> _DATA SHOWN_:
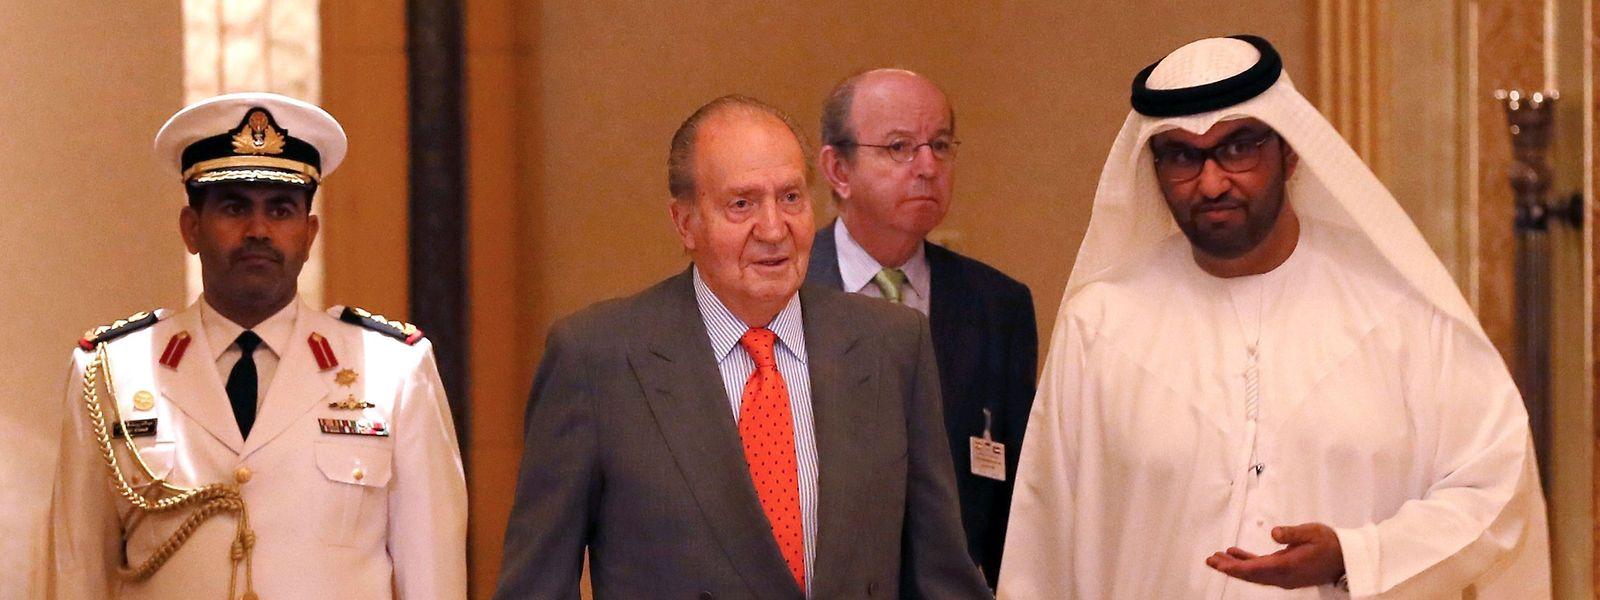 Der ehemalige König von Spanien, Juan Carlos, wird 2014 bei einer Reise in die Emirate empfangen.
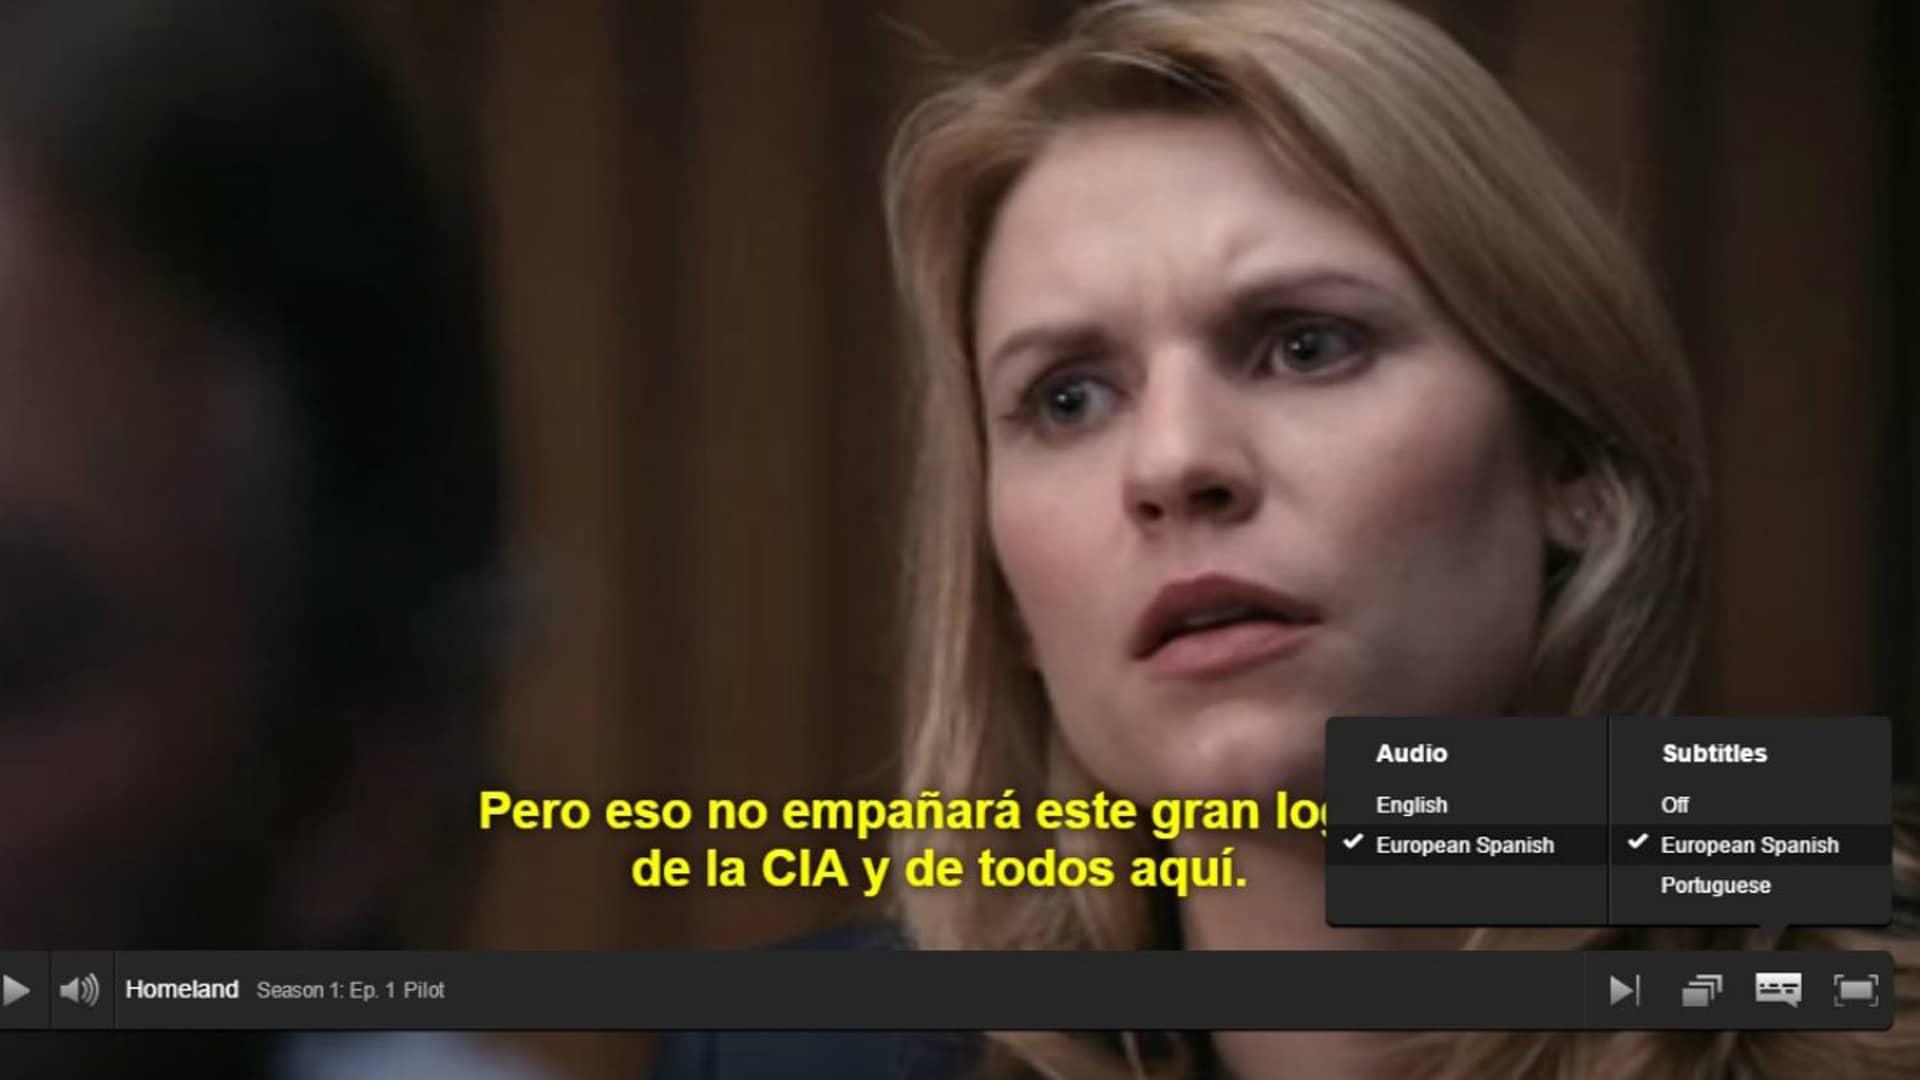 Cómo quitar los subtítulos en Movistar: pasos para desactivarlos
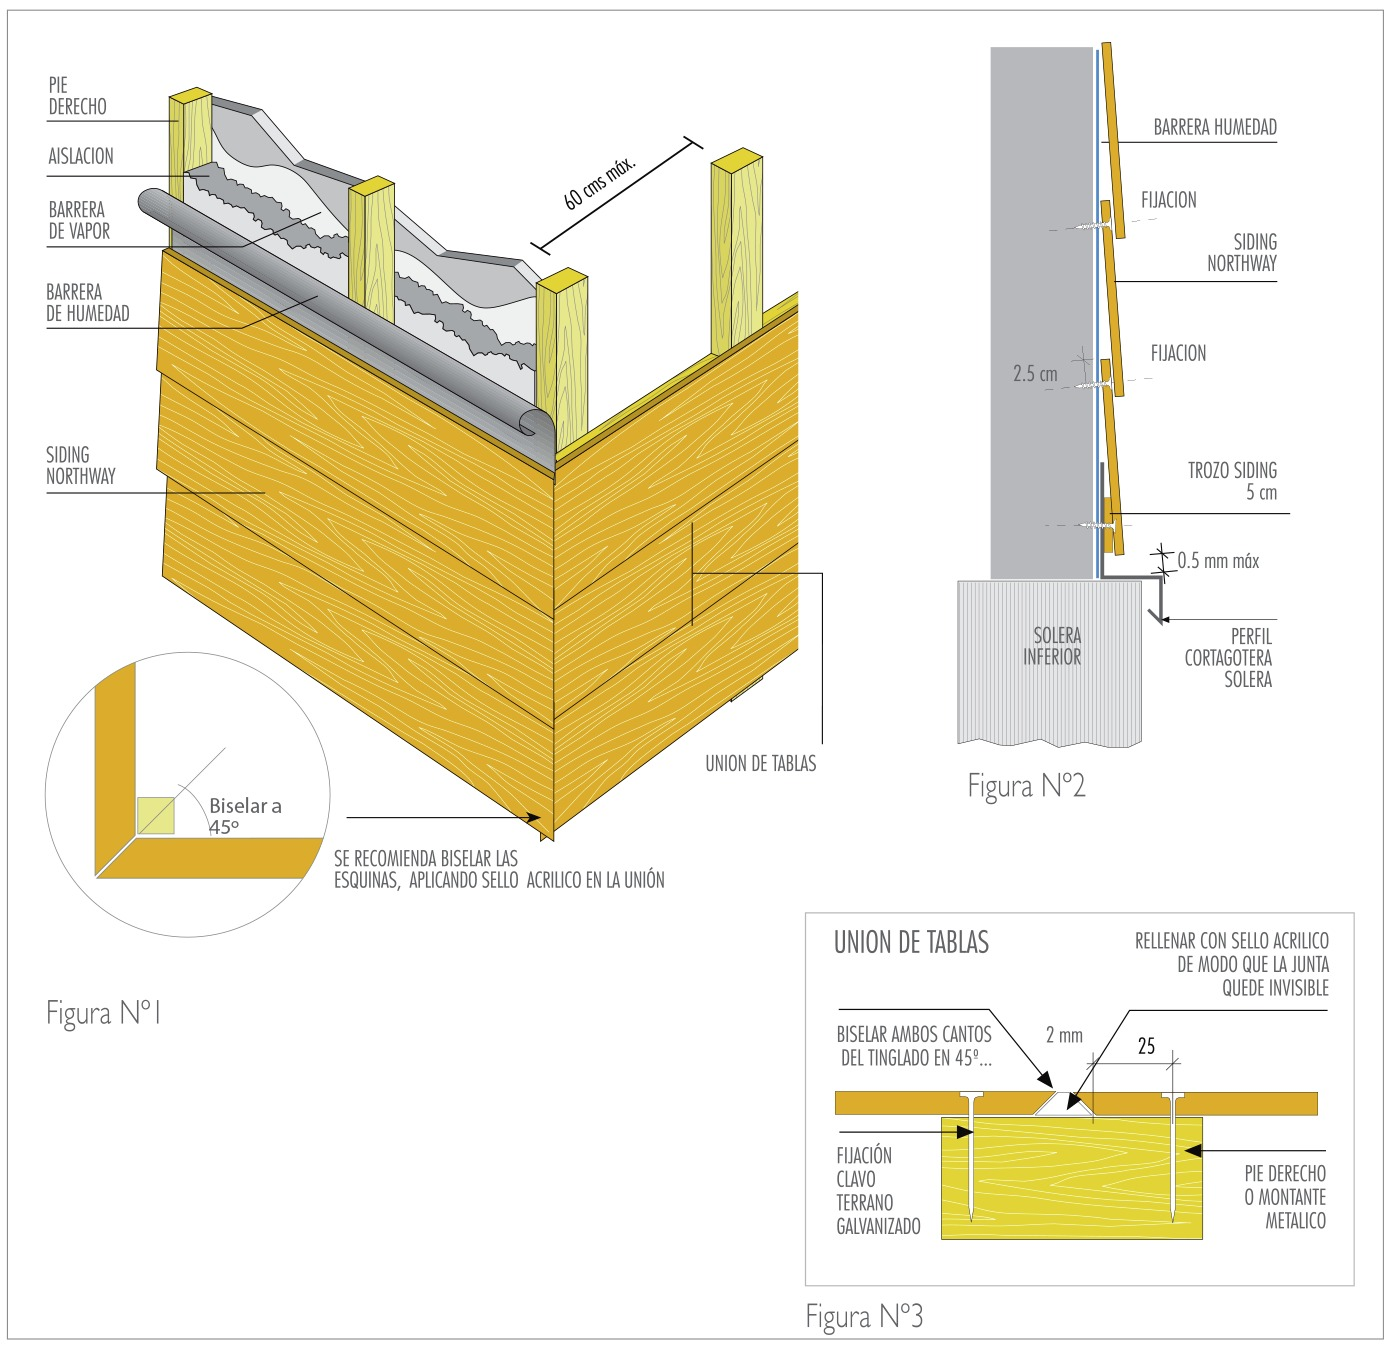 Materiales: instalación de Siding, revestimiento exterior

> _WHAT TO WORK ON_:
Your copy must begin at the line containing "Cómo quitar los" and end at the last line of the material above. Reproduce each line exactly, but not the pictures.

> _REPLY_:
 Cómo quitar los subtítulos en Movistar: pasos para desactivarlos
 Materiales: instalación de Siding, revestimiento exterior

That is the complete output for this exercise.